We shall write a function that can classify messages to spam and ham category. Here is a summary of each stages of our function.

- Take in a message
- Get each word of the message into a list of words
- Calculating P(wi|Spam) and P(wi|Ham) 
- Comparing P(Spam| w1,w2,w3...) and P(Ham| w1,w2,w3...)


- If P(Spam| w1,w2,w3...) > P(Ham| w1,w2,w3...) then return 'Spam'
- If P(Spam| w1,w2,w3...) < P(Ham| w1,w2,w3...) then return 'Ham'
- If P(Spam| w1,w2,w3...) = P(Ham| w1,w2,w3...) then return 'needs human classification'

In [39]:
import re
def classify(message):
    message = re.sub('\W',' ',message)
    message = message.lower()
    message = message.split()
    
    p_spam_given_message = p_spam
    p_ham_given_message = p_ham
    
    for word in message:
        if word in vocabulary:
            p_spam_given_message *= spam_dict[word]
            p_ham_given_message *= ham_dict[word]
            
    if p_ham_given_message > p_spam_given_message:
        return 'ham'
    elif p_ham_given_message < p_spam_given_message:
        return 'spam'
    else:
        return 'needs human classification'

## Spam Filter's Accuracy

It is never a bad idea to test our function. We shall test it on our test_set data.

In [42]:
test_set['predicted'] = test_set['SMS'].apply(classify)
test_set.head(10)

Unnamed: 0,Label,SMS,predicted
0,ham,Later i guess. I needa do mcat study too.,ham
1,ham,But i haf enuff space got like 4 mb...,ham
2,spam,Had your mobile 10 mths? Update to latest Oran...,spam
3,ham,All sounds good. Fingers . Makes it difficult ...,ham
4,ham,"All done, all handed in. Don't know if mega sh...",spam
5,ham,But my family not responding for anything. Now...,ham
6,ham,U too...,ham
7,ham,Boo what time u get out? U were supposed to ta...,ham
8,ham,Genius what's up. How your brother. Pls send h...,ham
9,ham,I liked the new mobile,ham


For our first 10 messages, we got 9 corrects out of 10. Which satisfied our goal for this project.
However, it is better to have a better view to the accuracy of our test.

In [52]:
total_correct = (test_set['predicted'] == test_set['Label']).sum()
total = len(test_set)
percentage_correct = total_correct / total
print('Our Spam Filter\'s accuracy is:', percentage_correct)
print('Total number of corrects is:',total_correct)
print('Total number of incorrects is:',total-total_correct)
print('Number of messages tested is:', total)

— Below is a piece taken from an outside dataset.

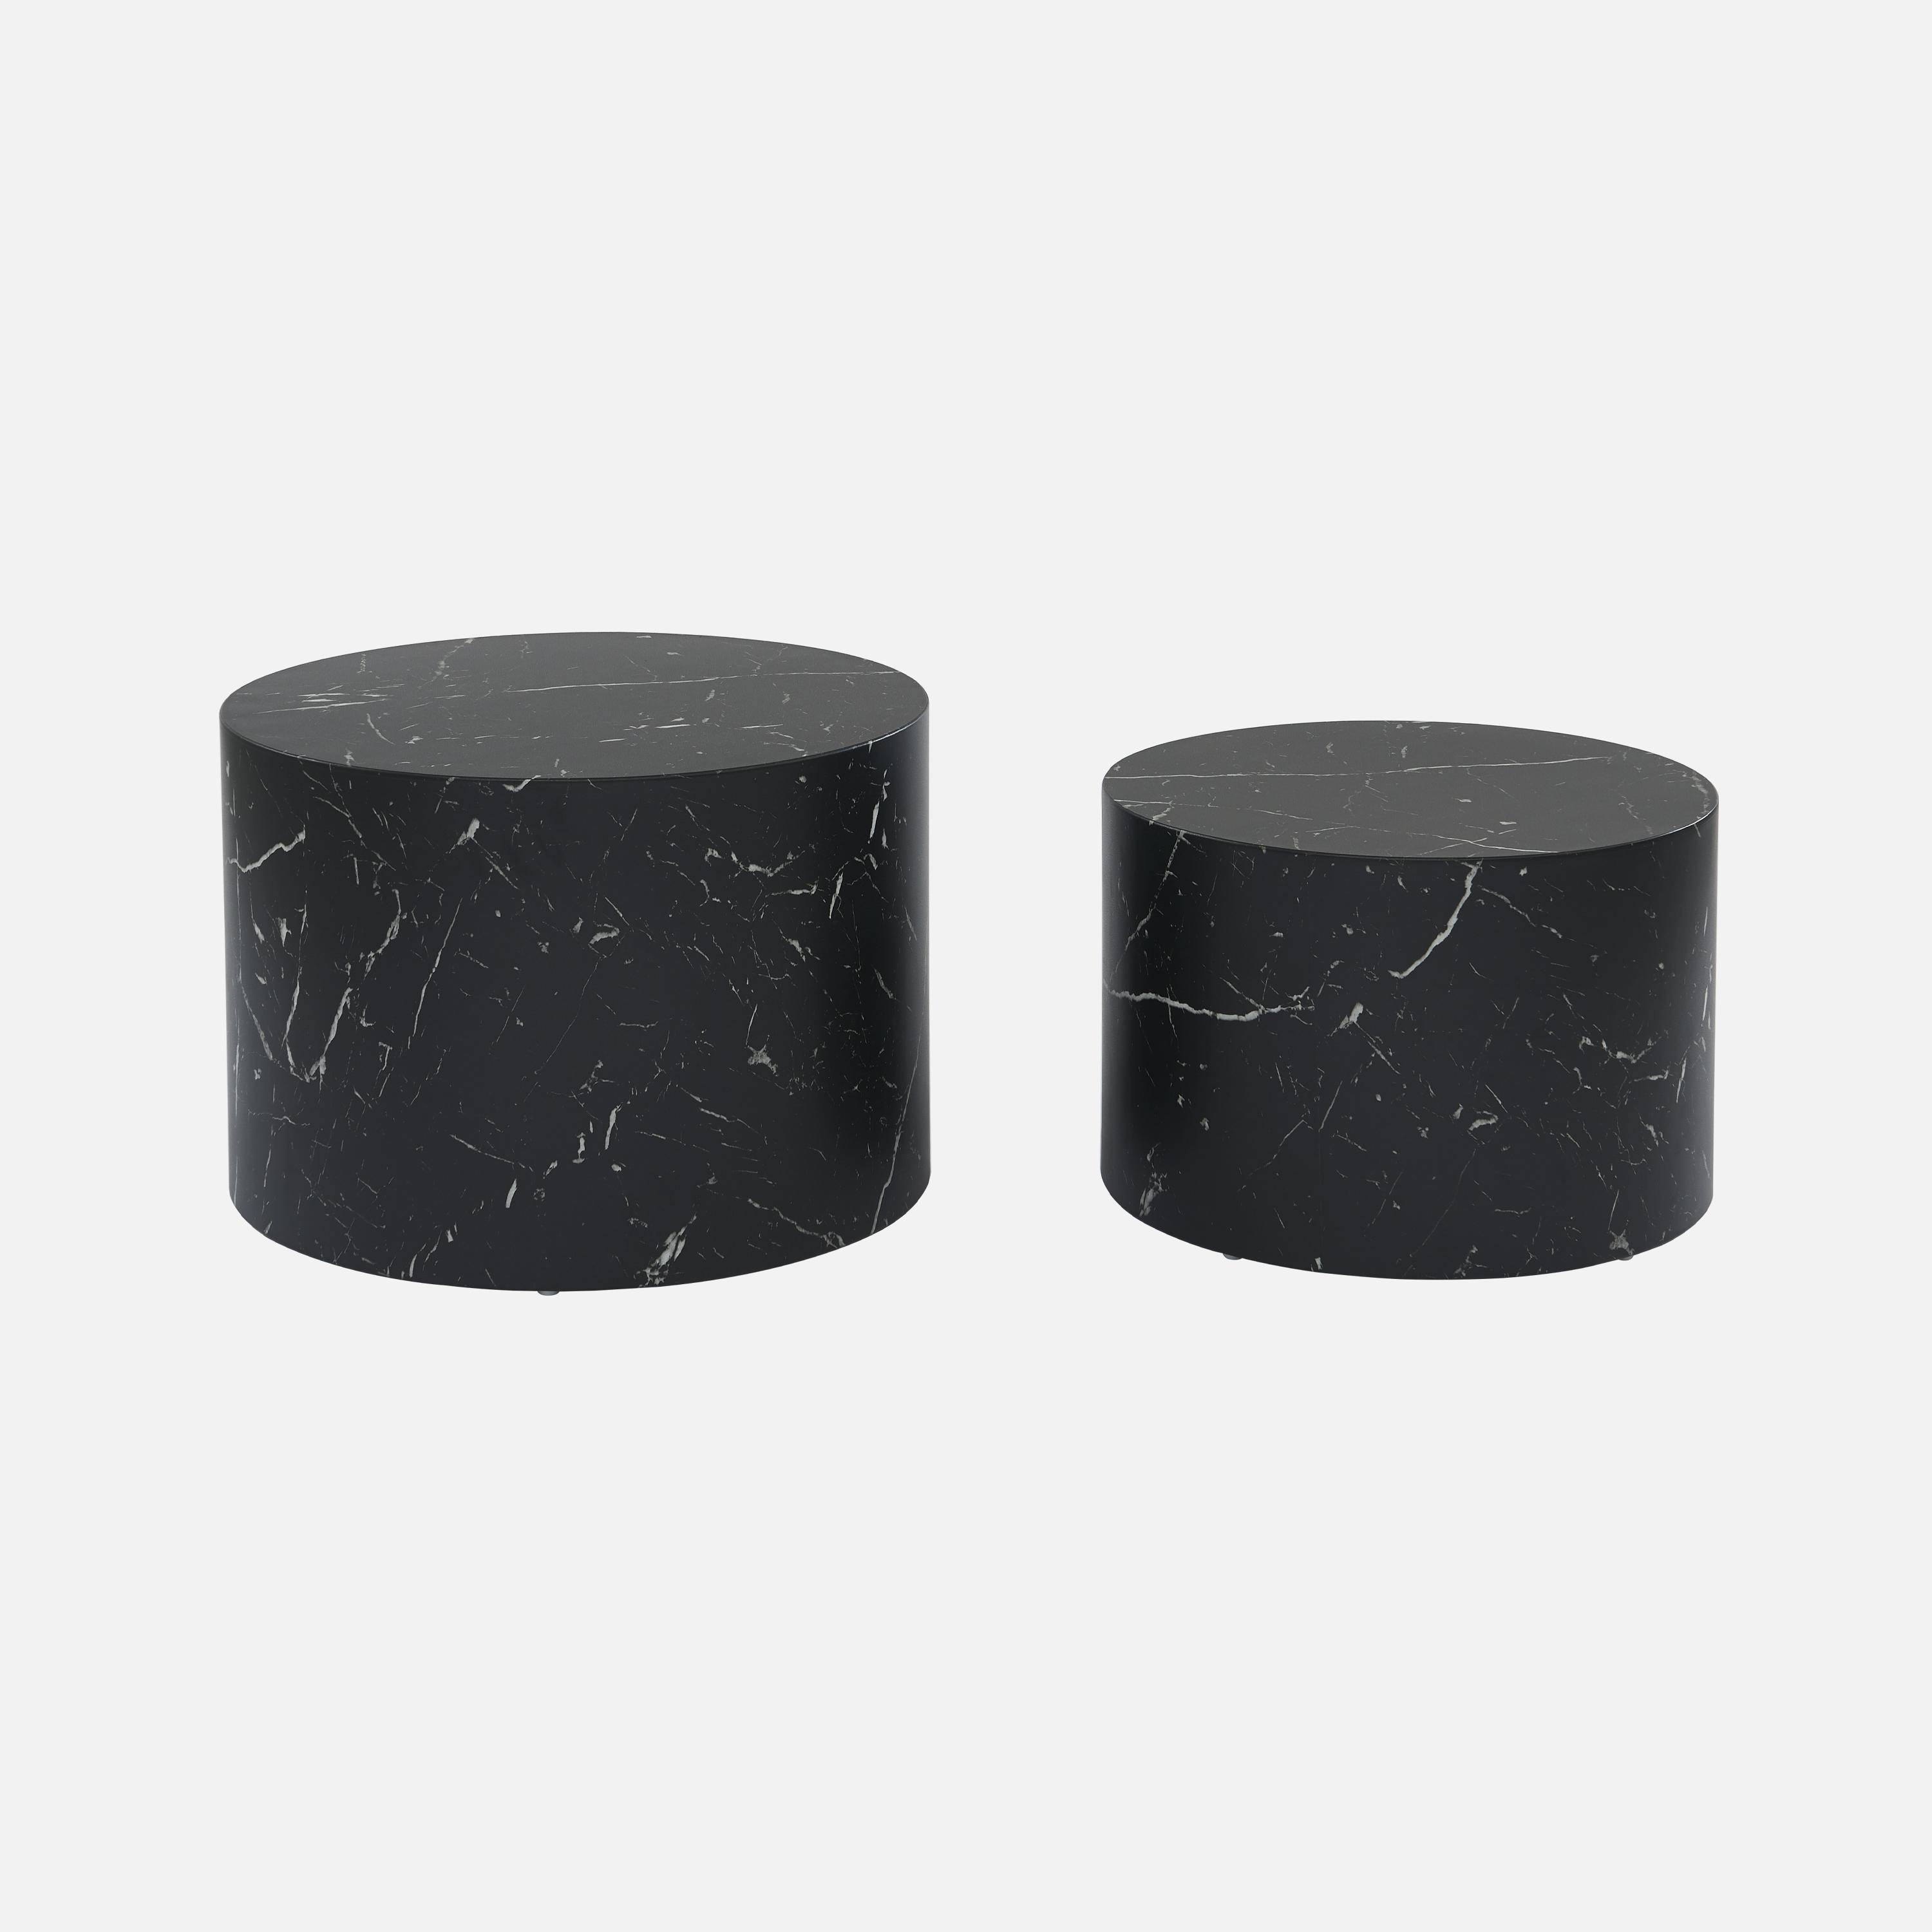 Lote de 2 mesas de centro redondas PAROS, efecto mármol negro, mesas nido Ø58 x H 40cm / Ø50 x H 33cm,sweeek,Photo4

Our Spam Filter's accuracy is: 0.9488330341113106
Total number of corrects is: 1057
Total number of incorrects is: 57
Number of messages tested is: 1114


## Result

Our result suggested that the accuracy of our filter had an accuracy of 95% on the test set we used. This has exceeded our initial goal, which is to get 90% accuracy.